SP: My primary research interest is in psychotherapy process and outcome–the question of how therapy works. We know that psychotherapy works and we know that there are certain reasons why it works, but I'm interested in understanding the process more. There's a lot of literature on the efficacy of therapy generally, and on how psychodynamic therapy works in particular. I’m interested in more fully understanding the process of therapy over time, and patient and therapist factors that contribute to positive outcomes. These seem to be key areas of research moving forward.

With regard to my work, in graduate school I studied how psychotherapy techniques in psychodynamic psychotherapy related to symptom improvement in people with anxiety symptoms. We watched video sessions of psychotherapy with real patients, coded what the therapist did according to a rating system, and then correlated those ratings with symptom improvement between the beginning of treatment and the end of treatment.

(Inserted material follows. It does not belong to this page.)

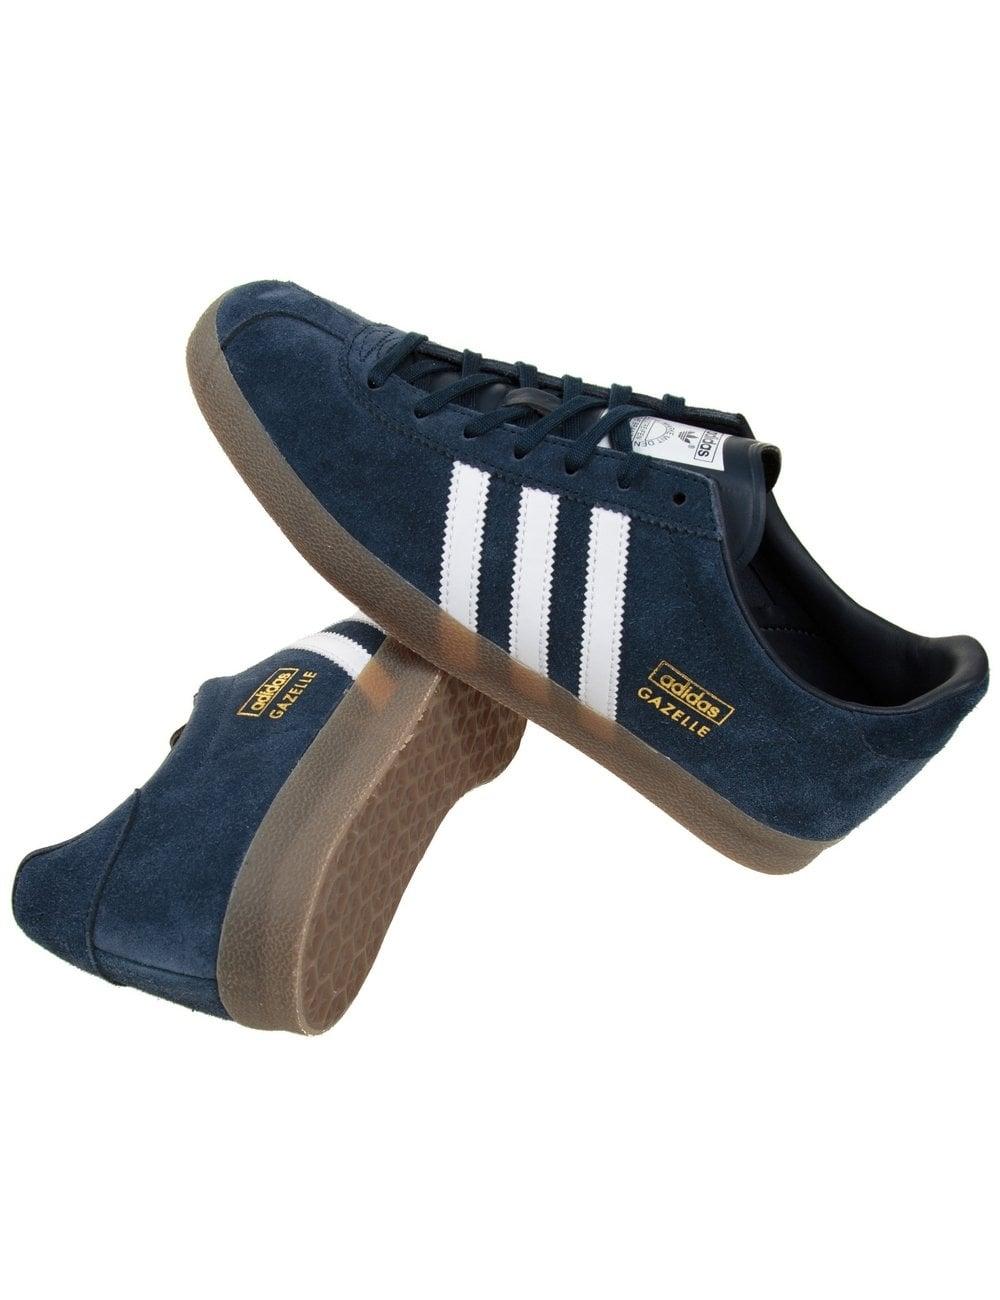 transmitir binario guirnalda  Adidas Originals Gazelle OG - Collegiate Navy - Footwear from Fat Buddha  Store UK

More recently I’ve become interested in understanding personality and, in particular, personality factors that can affect psychotherapy outcome.

What are you hoping to learn here during your Fellowship?

SP: I'm primarily interested in receiving advanced training in psychodynamic and psychoanalytic therapy. I'm also looking to understand how psychoanalytic thinking can apply to how we think about systems–learning how a hospital system like Riggs operates using psychoanalytic principles, because it's extremely rare. To have a whole organization and a whole system built around analytic principles is amazing and something that I'm really excited to understand and learn more about.

How has your experience at Riggs been so far?

SP: It's been really exciting; there’s been a learning curve in terms of understanding how the different parts of the hospital work, how they fit together, and what my role is within all of that. There’s also been a kind of a personal learning curve in terms of how I think of myself, both my professional role and who I am as a person–trying to balance how I can be myself here with my own perspective and contribute to the mission of the hospital in a way that’s hopefully helpful.